Presidents Lincoln and Grant both attended his famous revival services. At the Chicago World's Exhibition in 1893, more than 130,000 people attended Moody's revival services in a single day.


Moody's zeal for Christ was not limited to preaching and teaching, though that was always his primary love. He founded educational institutions - the
Northfield school for boys and girls that continue operating today and the Chicago Evangelism Society, later named the Moody Bible Institute.

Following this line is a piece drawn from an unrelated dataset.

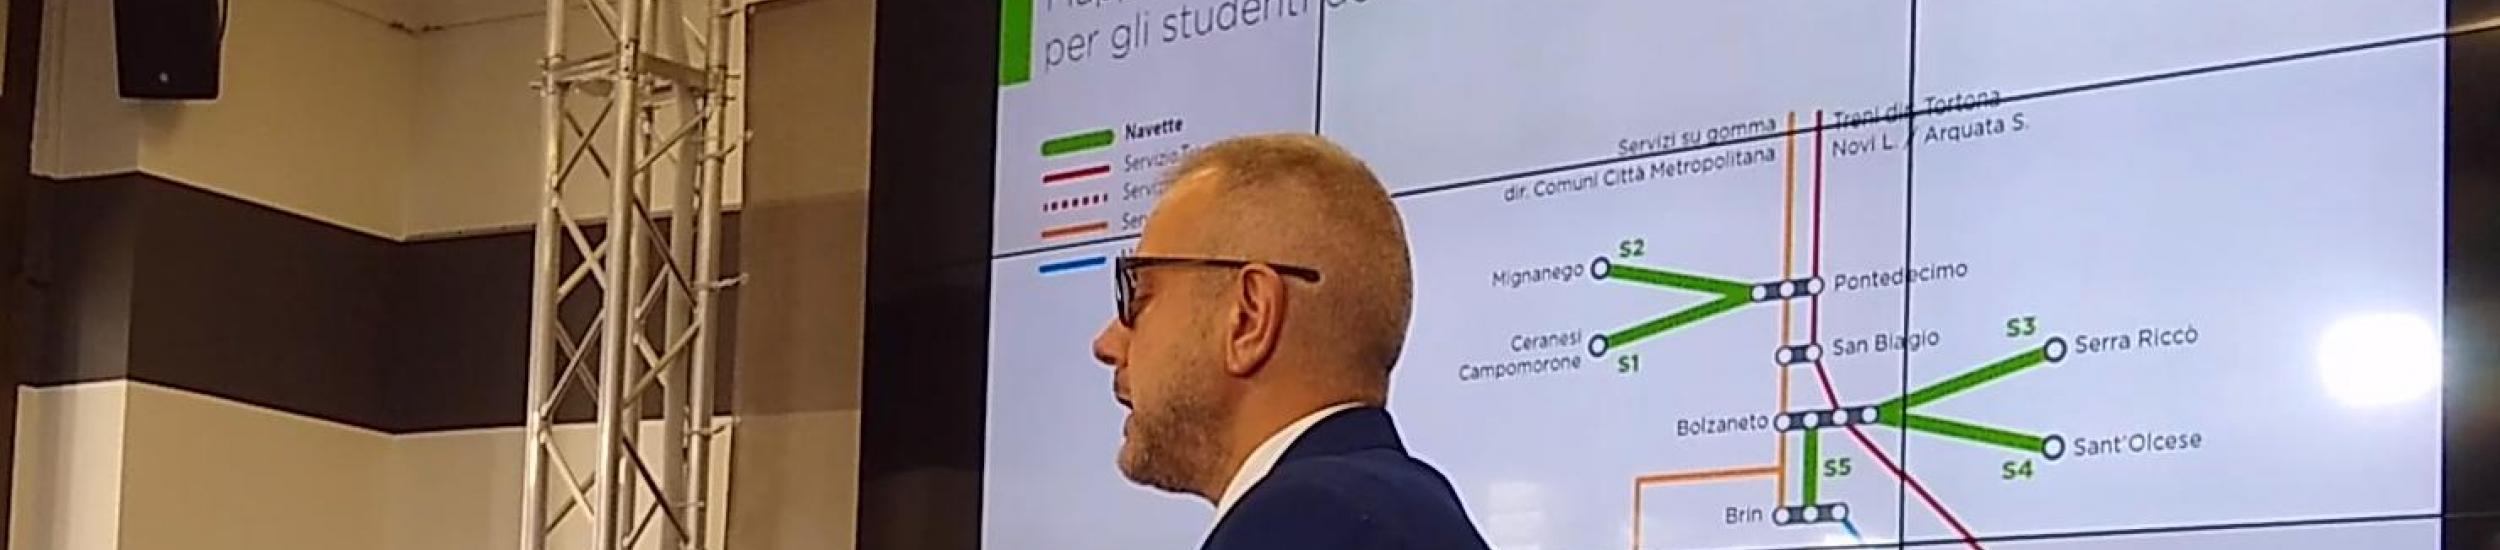 Roberto Cella Consigliere delegato all'Istruzione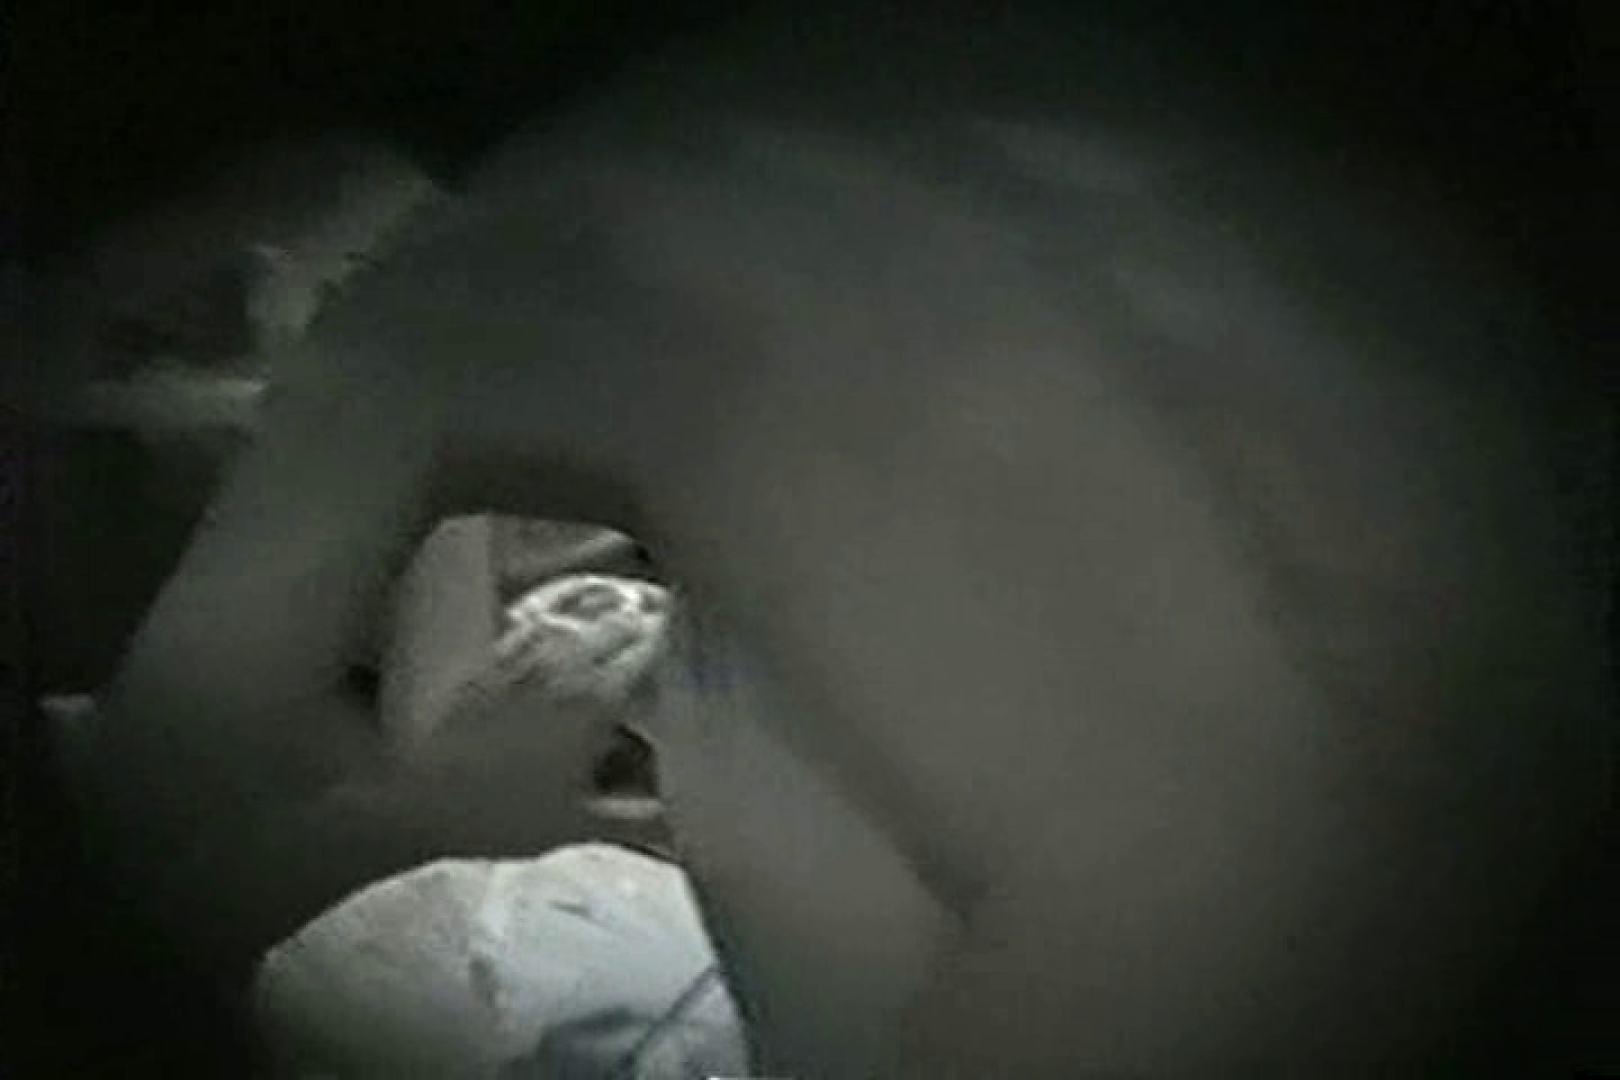 深夜の撮影会Vol.7 OLセックス  50画像 32

Moody's tireless efforts also were catalyst for several Christian publishing ventures, one of which bears his name - Moody Publishing.

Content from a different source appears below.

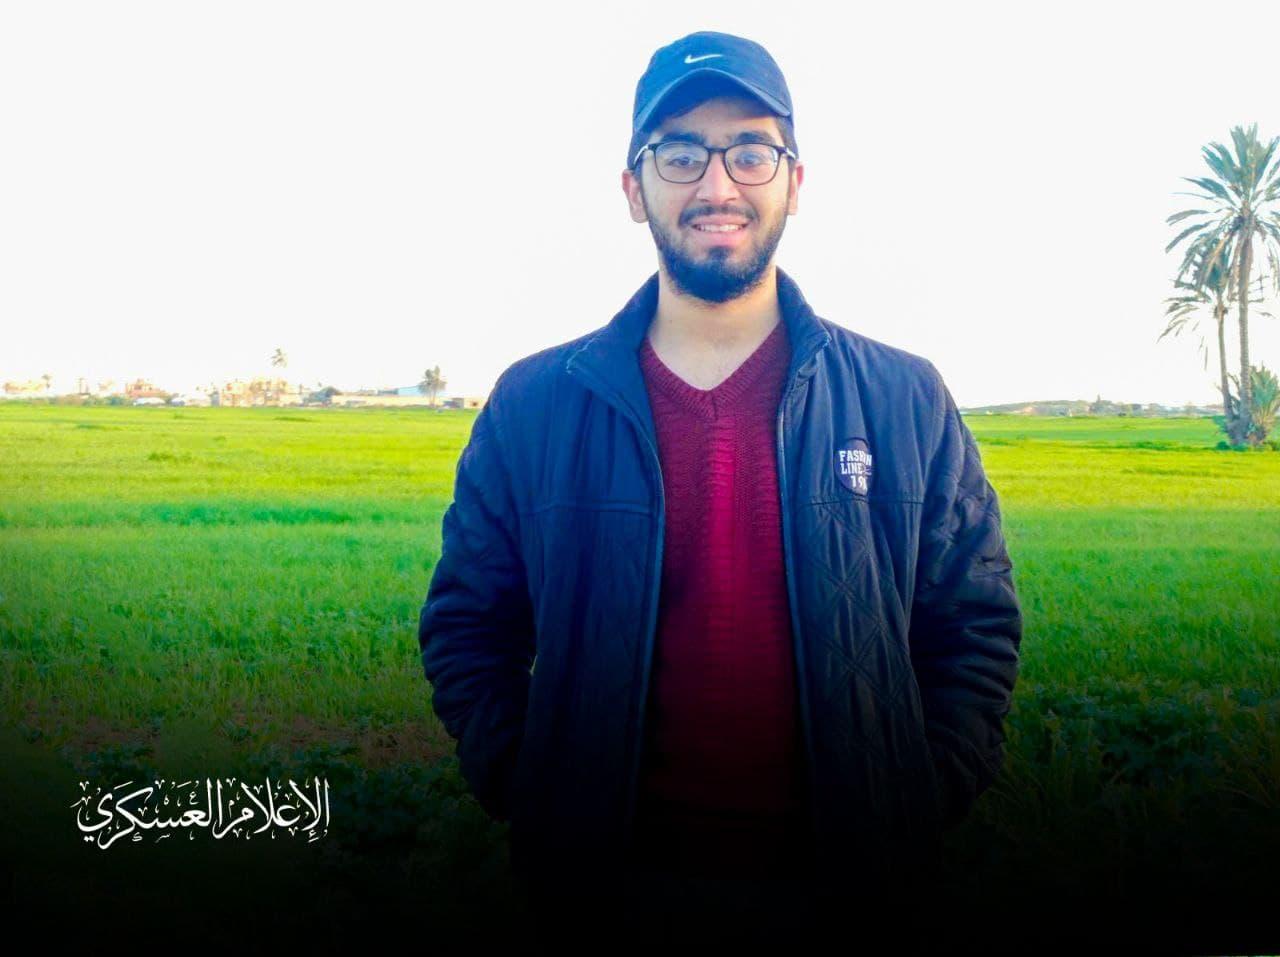 الشهيد القسامي / إبراهيم أحمد الشنباري

From an early age, Moody was a hard working entrepreneur. At age seventeen, he left his small home town for metropolitan
Boston where he worked as a shoe salesman at his uncle's store. He was saved at eighteen through the influence of his Sunday school teacher.


Within a year, he moved to
Chicago with a goal to earn $100,000. During the next four years, his industriousness and business sense helped him save the handsome sum of $7,000.


However, by age twenty-three Moody was led by Christ to minister to the poor Scandinavian and German immigrants in the inner city. Soon he left business completely to devote his life to Christ's service.


He used lecture halls and theaters as his pulpits, crossing over stubborn denominational lines. He was able to reach the masses
who otherwise would not visit a church or listen to the claims of the gospel. His popularity grew quickly.

Discovering the Spirit's Power


Despite Moody's success in the ministry, he felt a pressing need to know more of the Holy Spirit's empowerment. Three events changed his life and preaching.


The first occurred in
New York where he was invited to address a small Sunday school. As he got into his carriage to leave for yet another meeting, an elderly gentleman approached him with these words: "Young man, when you speak again, honor the Holy Ghost."


The second involved two godly women who attended Moody's services in
Chicago.


"When I began to preach, I could tell by the expression of their faces they were praying for me," Moody later recalled. "At the close of the Sabbath evening services they would say to me, 'We have been praying for you.' I said, 'Why don't you pray for the people?' They answered. 'You need power,' 'I need power,' I said to myself. 'Why? I thought I had power.'"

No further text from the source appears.